The Outlier: The Unfinished Presidency of Jimmy Carter

The Outlier: The Unfinished Presidency of Jimmy CarterThe Outlier: The Unfinished Presidency of Jimmy Carter

This book “The Outlier” by Kai Bird is an excellent and interesting and searching biography of a president whose contributions are undervalued.  Though Jimmy Carter (b. 1924) has been perceived as a weak or hapless executive, that view, writes Pulitzer winner author, is “a simplistic caricature.”

Carter’s single term in office was “consequential.” Bracketed between the Nixon/Ford and Reagan/Bush eras, it marked such matters as the beginnings of corporate deregulation and the beginning of the end of the Cold War. Carter is also remembered as a scolding moralist.

He earns the rubric “outlier” for being a Washington outsider, a former governor swept into higher office largely because he was not a Republican but also, by author’s sharp account, for taking his own path, often against the counsel of his advisers.

For example, he was urged not to hire economist Paul Volcker to lead the fight against inflation, knowing that Volcker “intended to make the economy scream as he faced reelection.”

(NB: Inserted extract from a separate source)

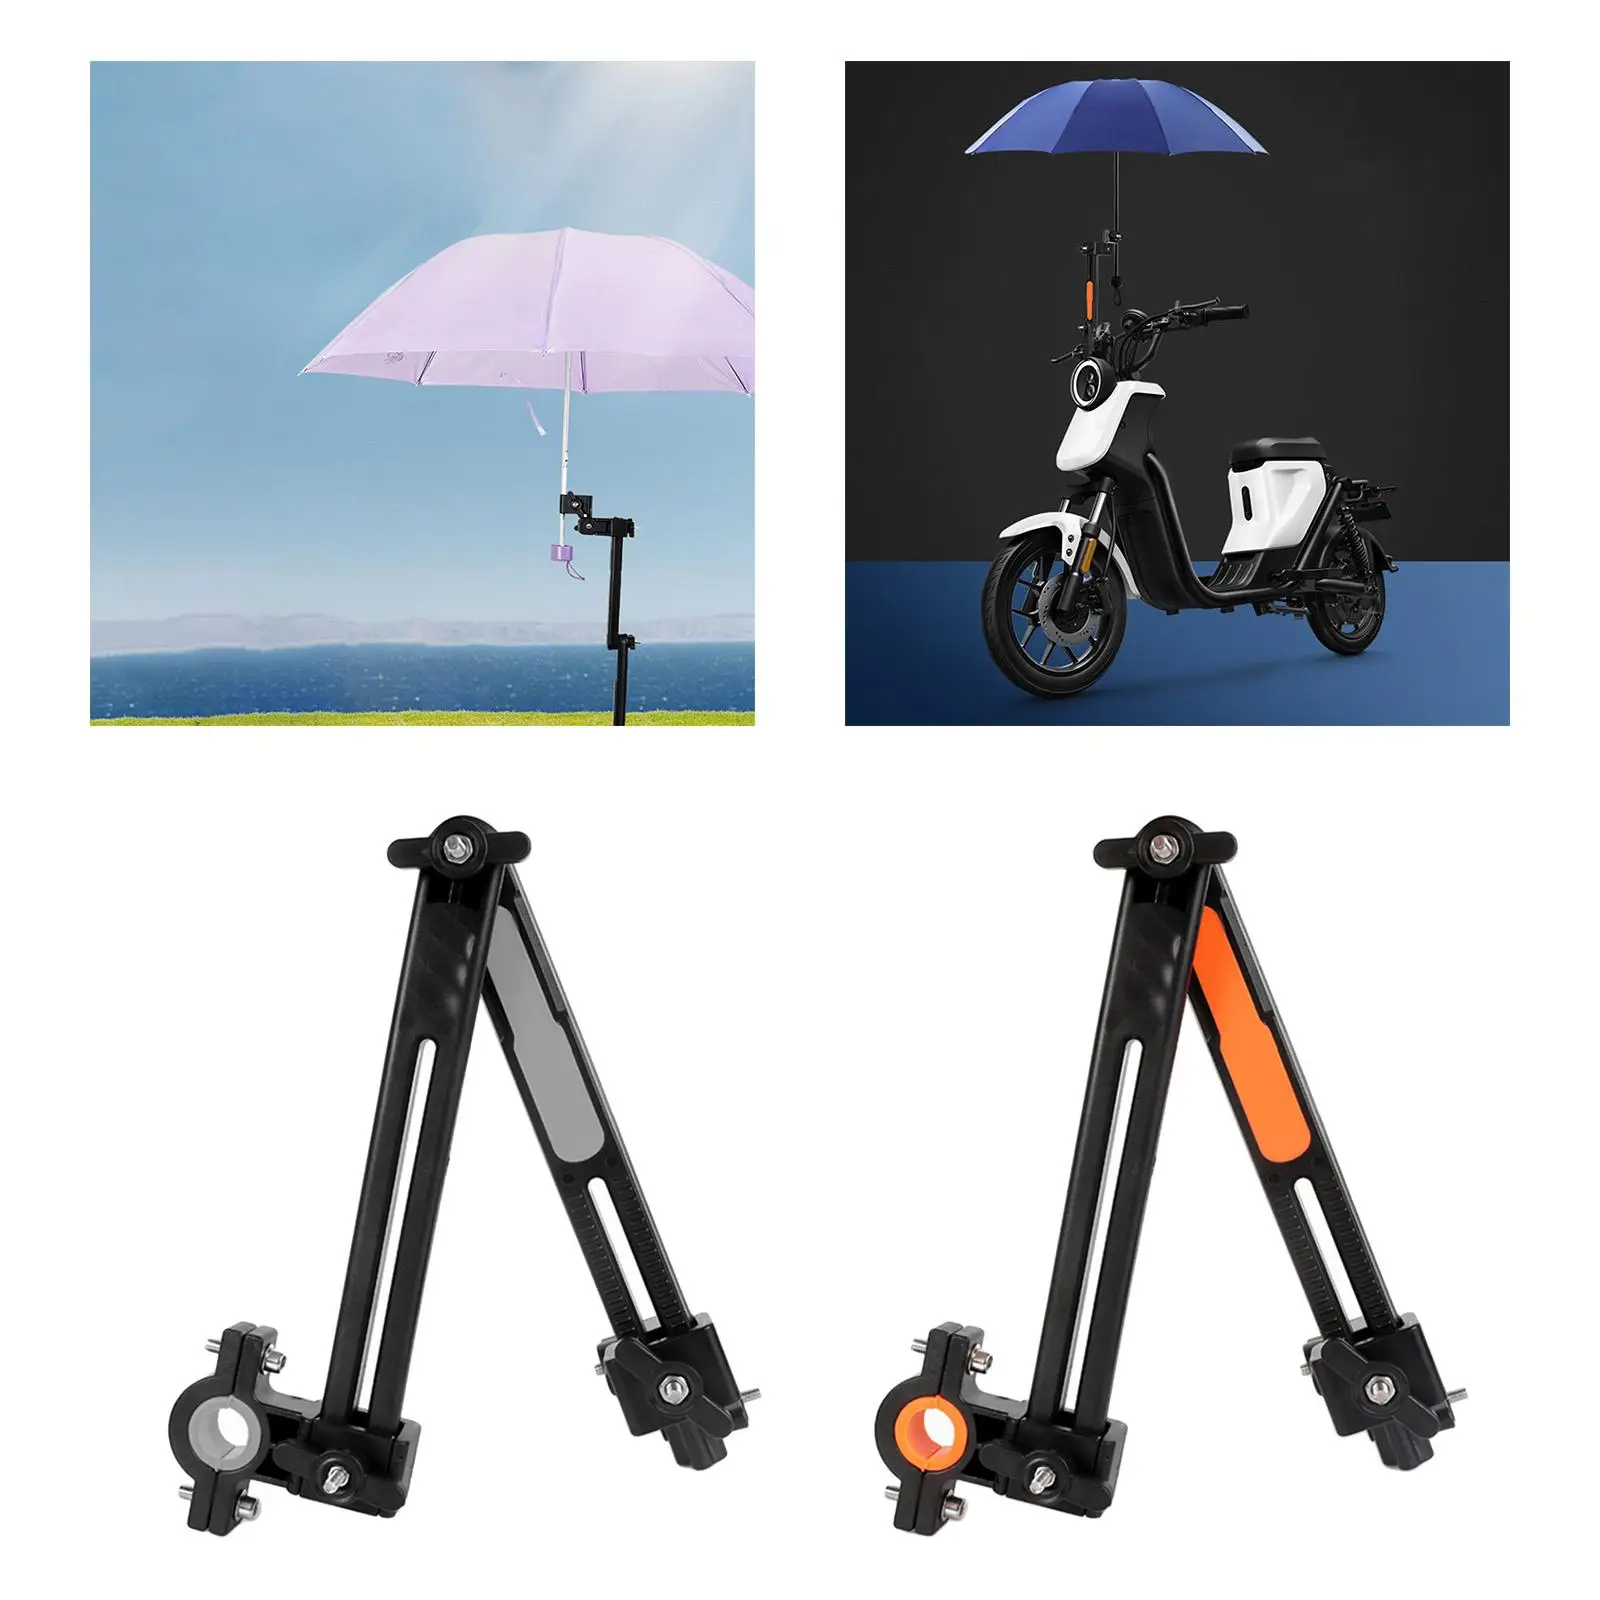 Universal Bicycle Umbrella Stand Foldable Mount Stand Umbrella Holder for Golf Chair

Carter’s failures, the author suggests, were often not of his doing: A deeply split Democratic legislature made up then of Southern conservatives, who would soon defect to the GOP and Northern liberals hampered him and he had the likes of Edward Kennedy dogging him constantly.

The author’s sprawling study is sometimes repetitious—e.g., he repeats the observation that Carter made more minority appointments to the federal judiciary than any other president before him. Nonetheless, the author is a keen biographer of political figures and he offers a welcome reminder that Carter’s liberal impulses were correct while his missteps were often the result of events he could not fully control, as when the Reagan campaign, in a “treasonous caper,” putatively met with the Iranian regime to delay release of the Tehran hostages and “scuttle Carter’s second-term presidency.”

Overall, this book is a laudable study to date of the Carter era and a substantial contribution to the history of the 1970s.